Observation 3: why a stock rally brings financing back
Intuitively, a 20.9% equity rally should leave wealthy buyers more cash-rich and push cash share higher. The opposite happened, and the mechanism is simple: in a fast-appreciating market, selling stock to buy a house gets expensive. When a portfolio compounds 20%+ a year, liquidating $15M for a home means exiting a compounding position and realizing capital gains tax now — while a 6.4% mortgage or a securities-backed credit line costs less than the expected portfolio return. In 2025 (flat equities, a Q1 correction), paying cash was the rational move; in Q2 2026, keeping the position and borrowing is. Luxury buyers did not get poorer — they got sharper about cost of capital.
Observation 4: an honest update to the "credit decoupling" thesis
Last issue we argued the luxury tier had decoupled from credit — mortgage rates do not drive $10M+ transaction behavior. Q2 stress-tested that thesis meaningfully: rates rose 31 bps within the quarter, and $10M+ volume rose anyway (21 → 39 YoY) — the half of the thesis that says rates do not constrain luxury volume holds.

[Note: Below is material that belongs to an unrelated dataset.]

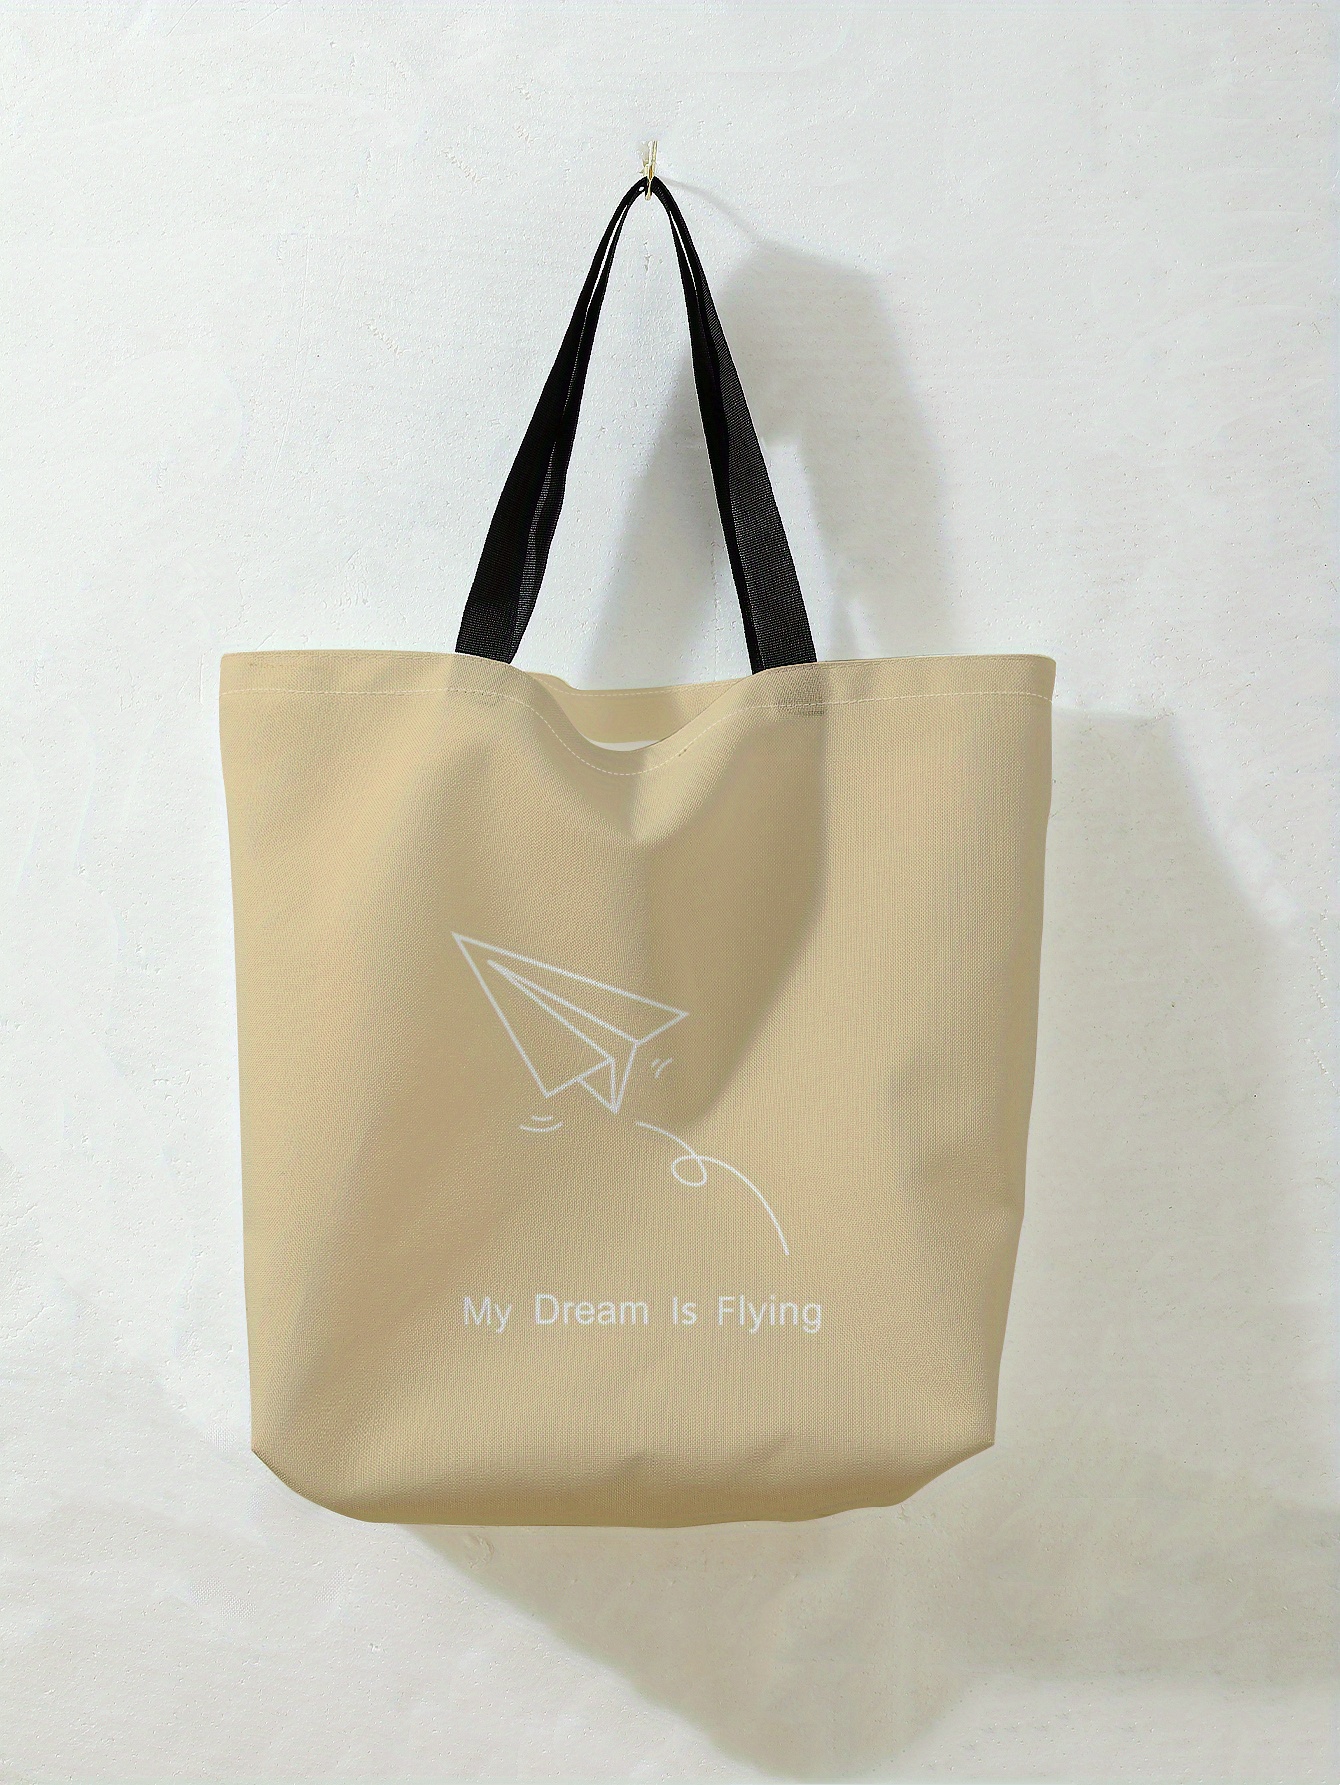 Paper Airplane Print Tote Bag, Large Travel Beach Shoulder Bag

The half that says luxury does not use credit needs revision: when equity returns run far above borrowing costs, this tier opts into credit deliberately. The precise formulation: luxury's use of credit is opportunistic, not dependent — rates never decide whether they buy, only how they pay.
Source: MLSListings Q2 2026 · Buyer Financing field "All Cash No Loans" or "Cash to Existing Loan" classified as cash · field completion rate 99.2%.
5. The Mid-Tier Squeeze: $3M–$5M, Again
If the luxury story is returning leverage, the mid-tier story is still squeeze — for the second consecutive quarter.

The data
The $3M–$5M band recorded 627 Q2 closings (+67% QoQ, +11% YoY) at a median sale-to-original-list ratio of 105.3% — the highest of any band for the second quarter running — with median DOM of 8 days, tied with $5M–$10M for fastest. The $1.5M–$3M band follows at 103.6%. Together these two bands account for 2,554 transactions, 57% of Q2 volume — the Bay Area's mainstream market still routinely closes 4–5% above original list. By contrast: $10M–$20M closed at a median 95.9% of original list, and $20M+ at 90.2% — discounts reappeared at the top. Not in the mid-tier.
Why more supply did not loosen the squeeze
Supply expanded sharply in Q2 ($3M–$5M closings +67% QoQ), which should have cooled the bidding. It barely did — 106.8% → 105.3%, a 1.5-point easing that leaves the structure intact. The same two forces are at work. Demand expanded in step: $3M–$5M is the entry price for the Bay Area's strongest school zones (most Palo Alto Unified ZIPs, core Cupertino Union, mid-tier Los Altos and Saratoga), and the buyer profile is homogeneous — dual-income tech households aged 30–45, equity-rich but cash-constrained, with children in elementary or middle school; a 20.9% equity rally directly enlarged this cohort's down payments. The supply side's rate lock-in is unresolved: owners in this band largely locked 2.5–3.5% rates in 2018–2022; trading up at 6.4% still means roughly doubling the rate. Much of the spring volume came from non-discretionary sellers (estates, relocations) — the underlying reluctance of locked-in owners has not moved.
Why $5M+ behaves differently
The $5M–$10M band closed at a median 104.0% of original list — below $3M–$5M despite the higher price tag. Owners there have stronger move motivations (upgrades, empty nests, retirement) and far less rate sensitivity, so supply is comparatively healthy and bidding intensity lower.
Source: MLSListings Q2 2026 · Sale Price ÷ Original List Price, median (not mean).
6. $20M+ Ultra-Luxury: Six Transactions, Two Speeds
Exactly six SFR transactions above $20M closed across the Bay Area in Q2 2026 — even with Q1, and double Q2 2025's three. Five were in Atherton; one in Old Palo Alto.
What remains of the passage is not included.